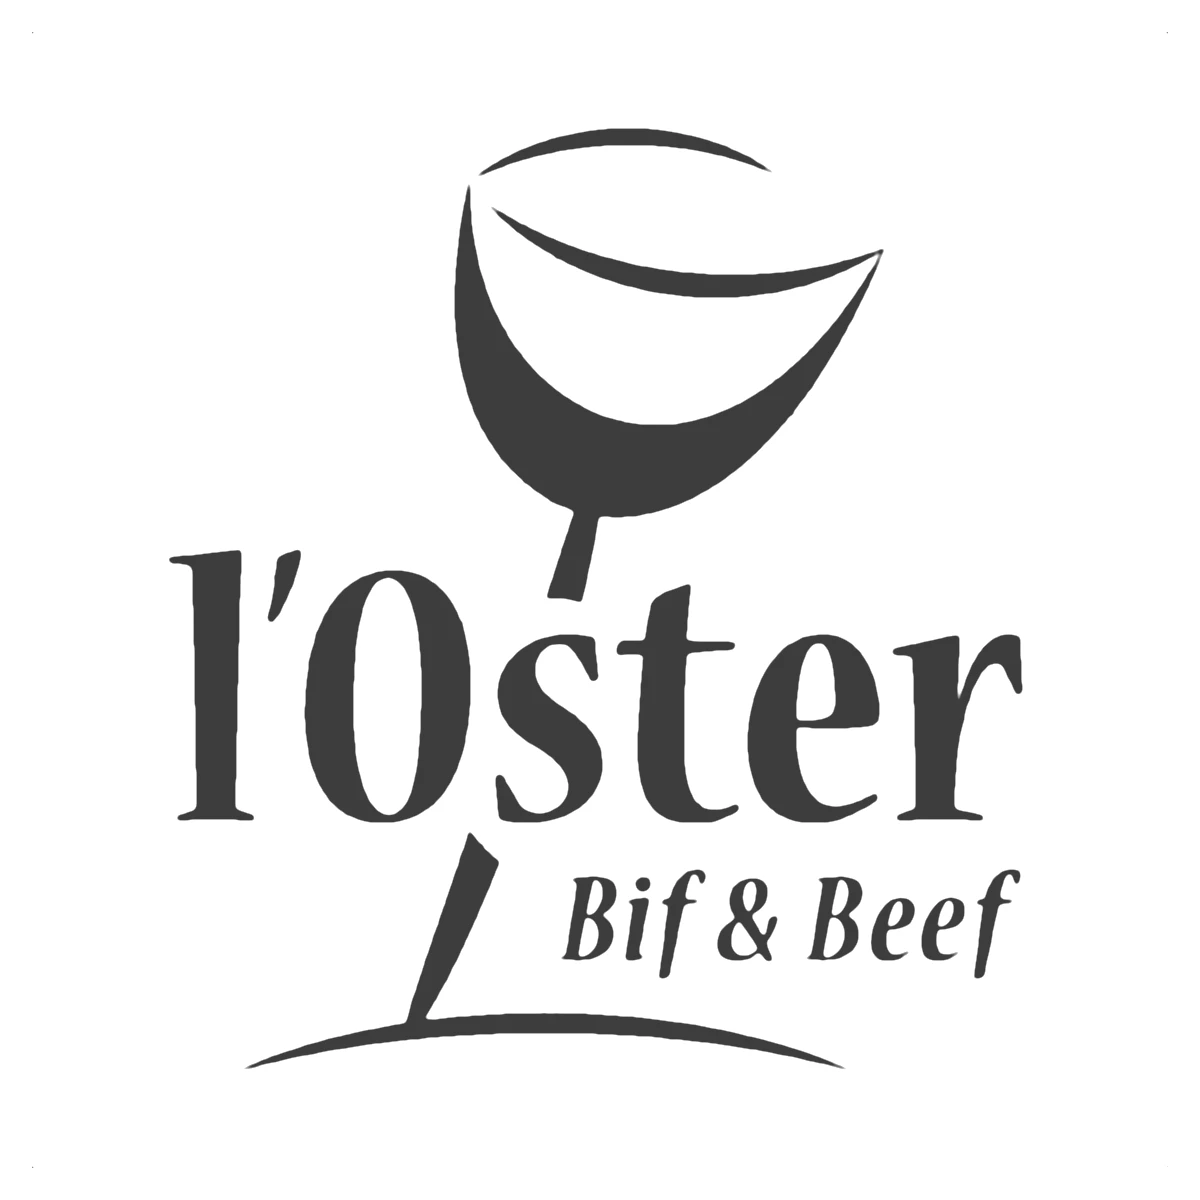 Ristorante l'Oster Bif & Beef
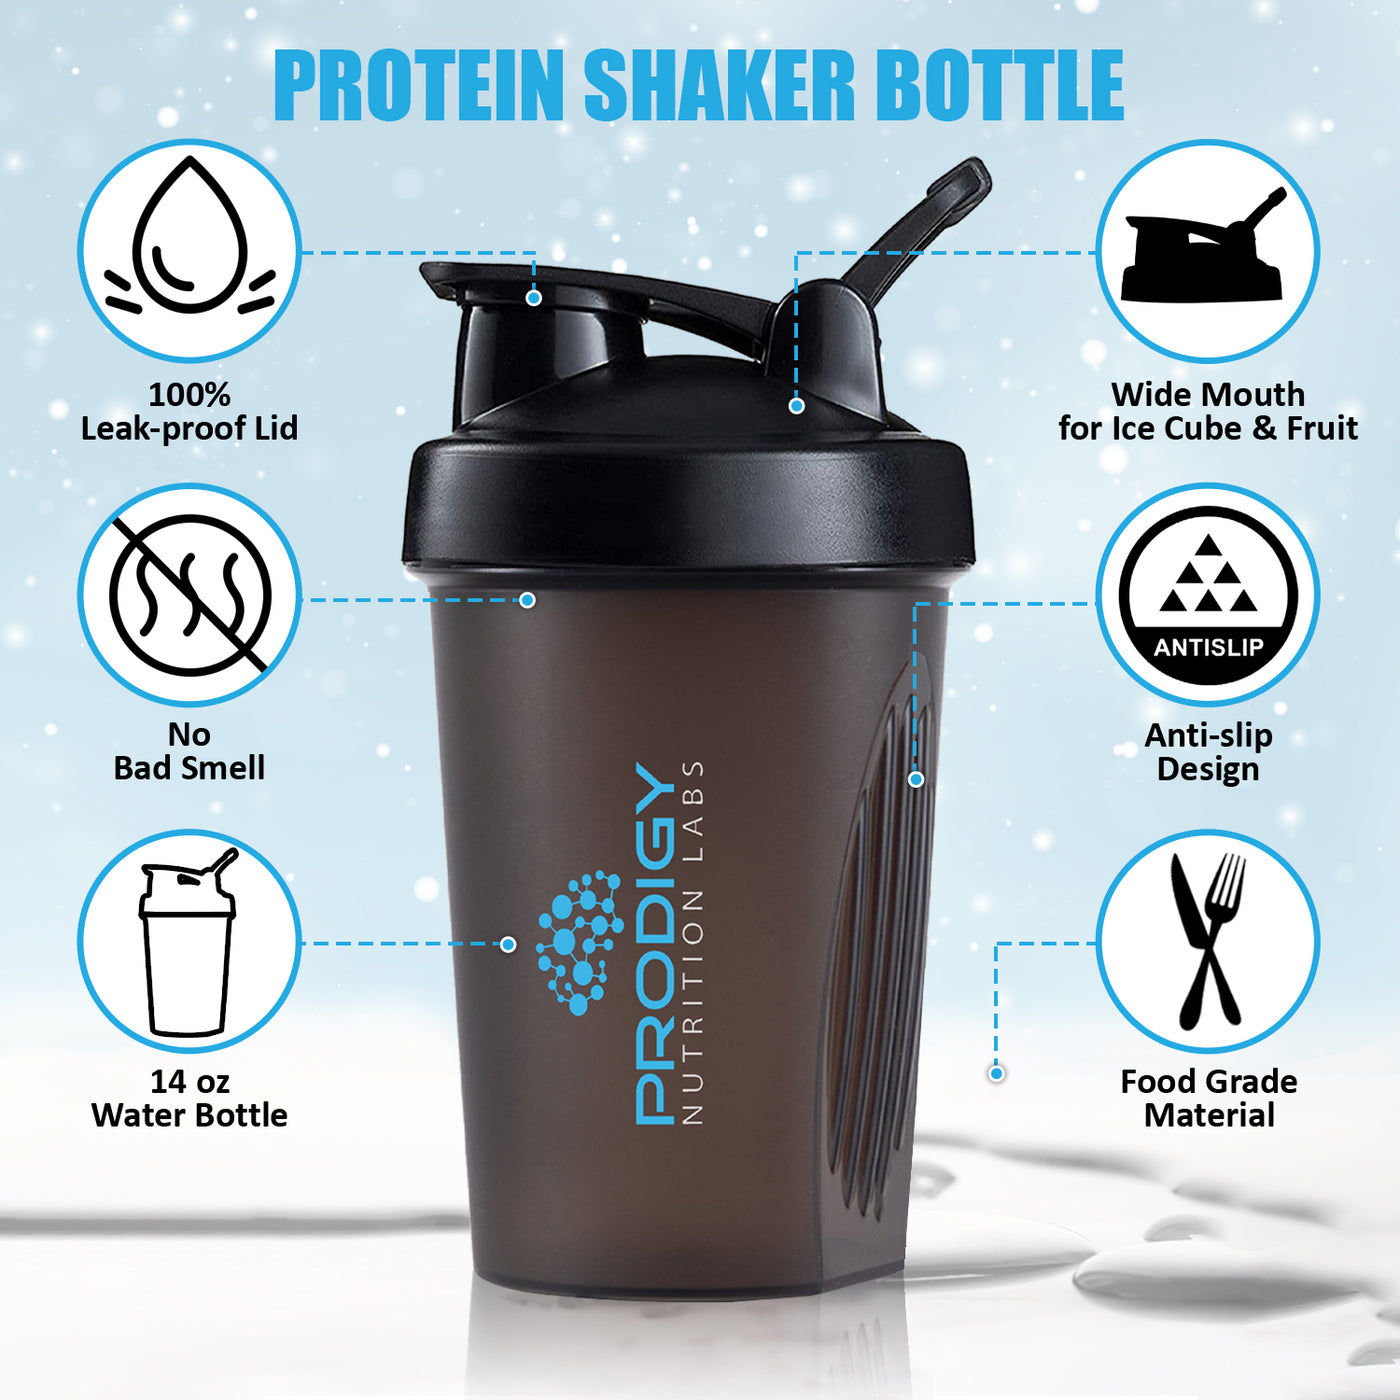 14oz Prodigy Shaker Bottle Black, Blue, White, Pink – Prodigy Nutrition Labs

* * *

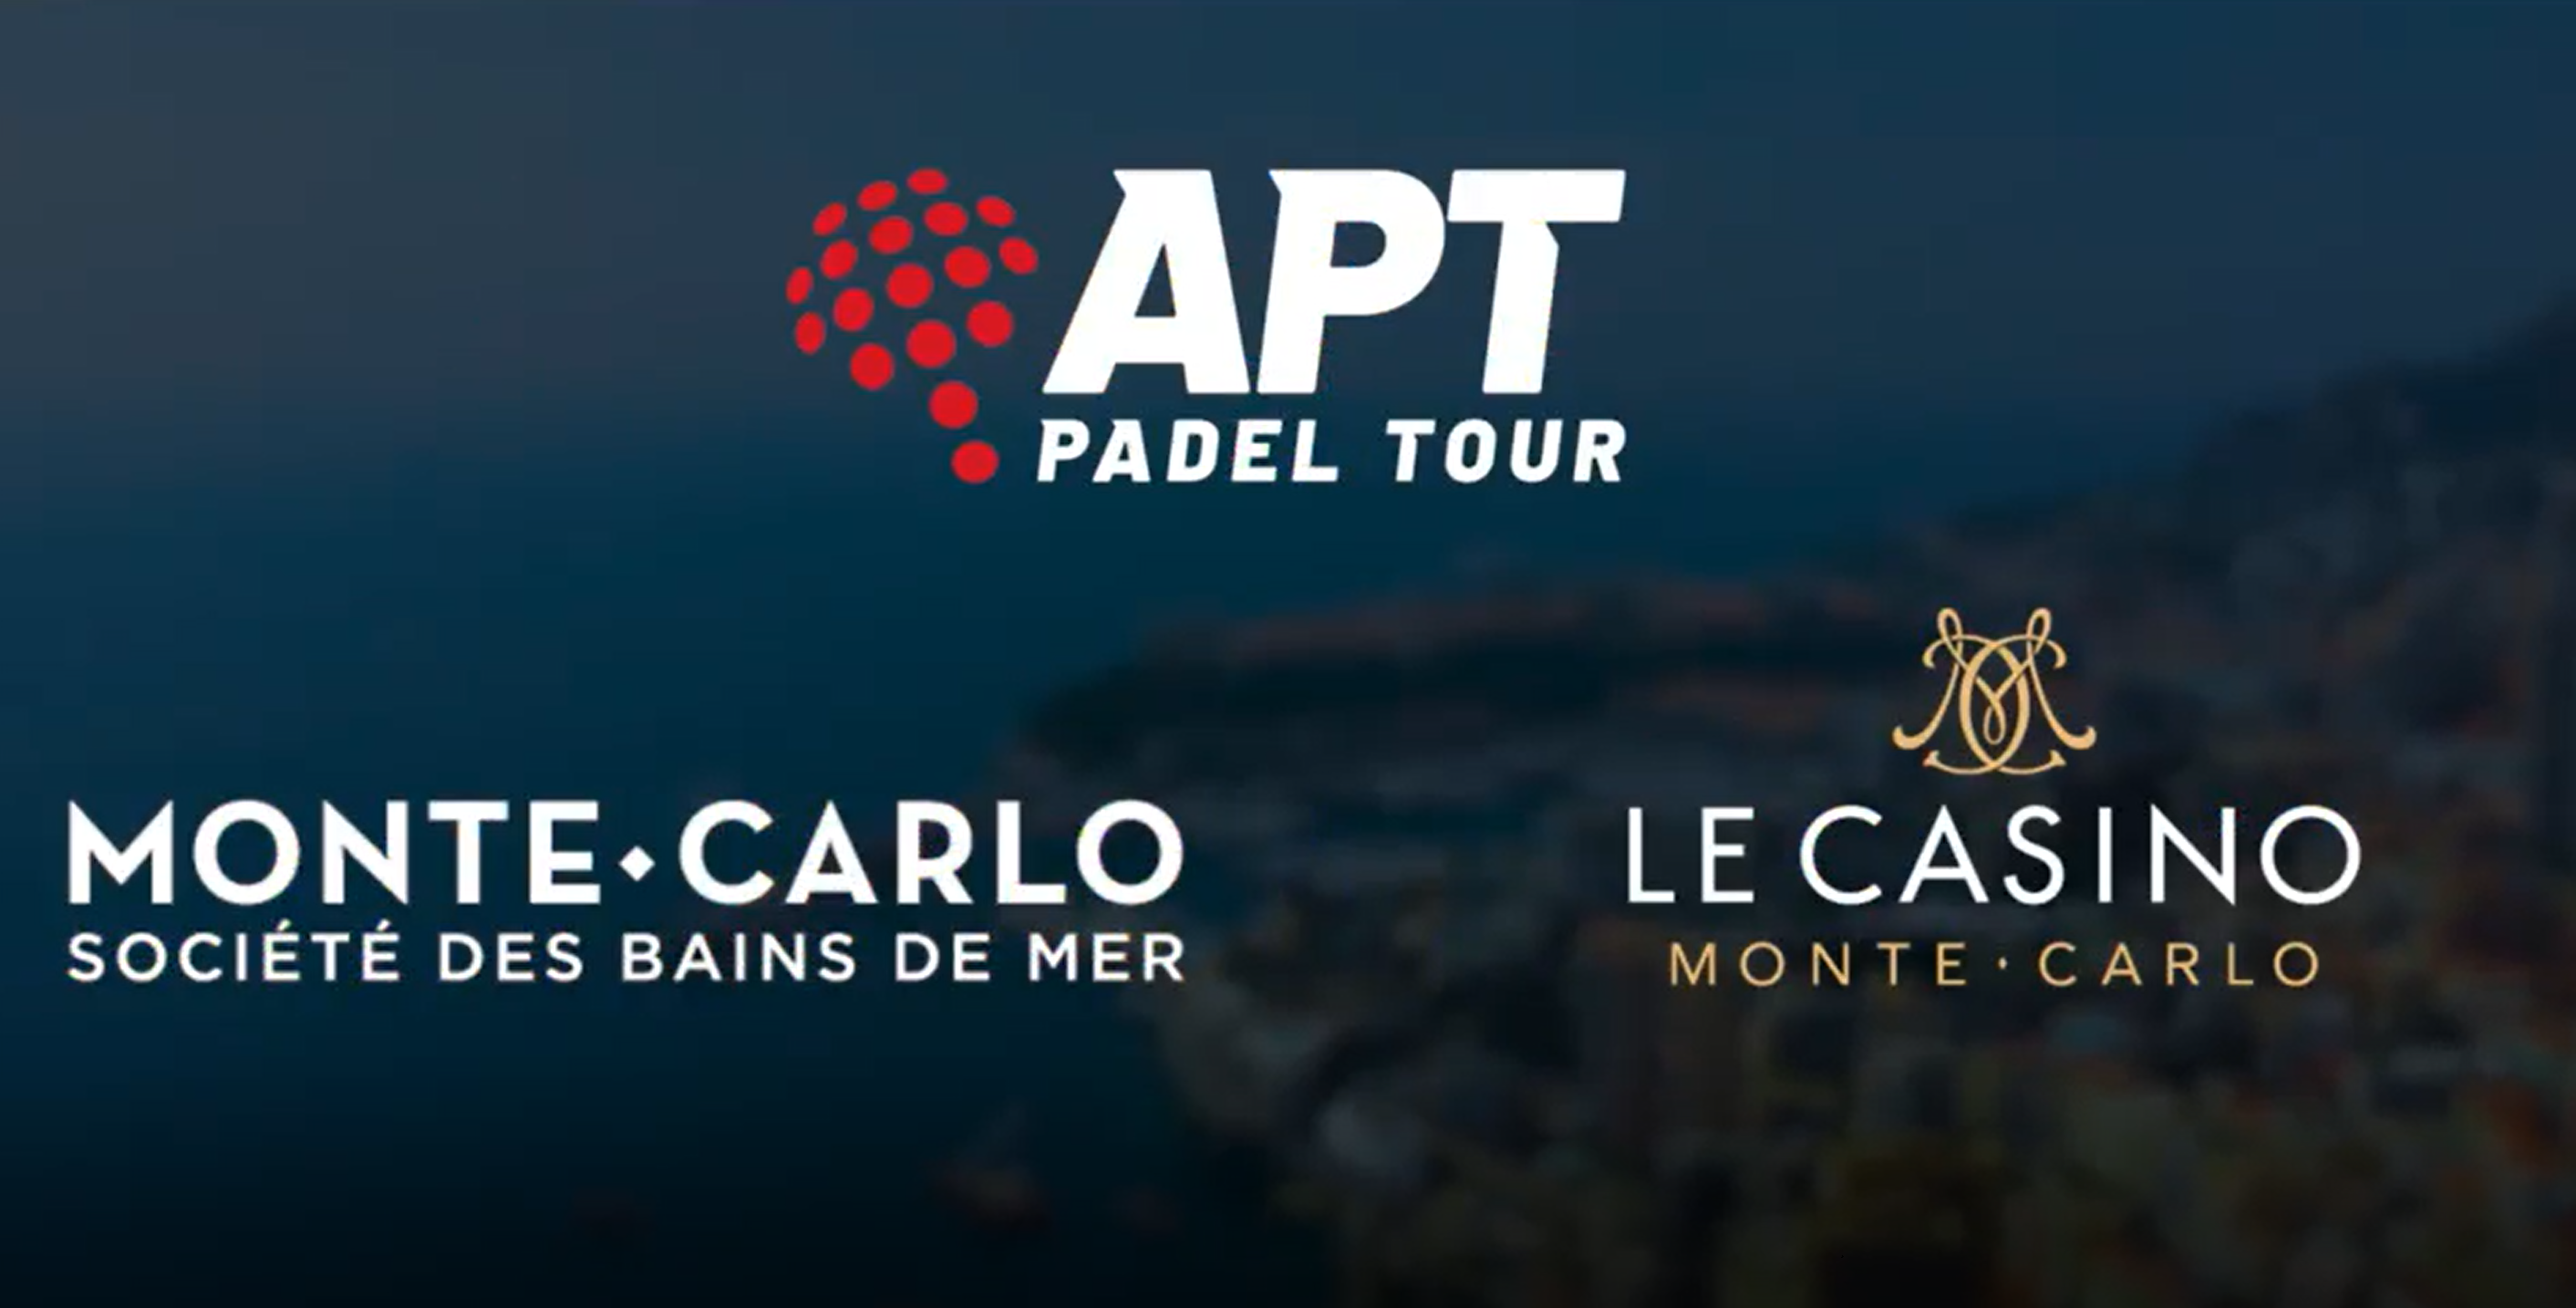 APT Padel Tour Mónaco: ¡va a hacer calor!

▶ _Work to be completed_: "Ristorante l'Oster Bif & Beef" marks the first line to copy, and "14oz Prodigy Shaker" marks the last. Repeat that stretch above exactly, with no pictures.

▶ _Answer for this exercise_:
 Ristorante l'Oster Bif & Beef
 14oz Prodigy Shaker Bottle Black, Blue, White, Pink – Prodigy Nutrition Labs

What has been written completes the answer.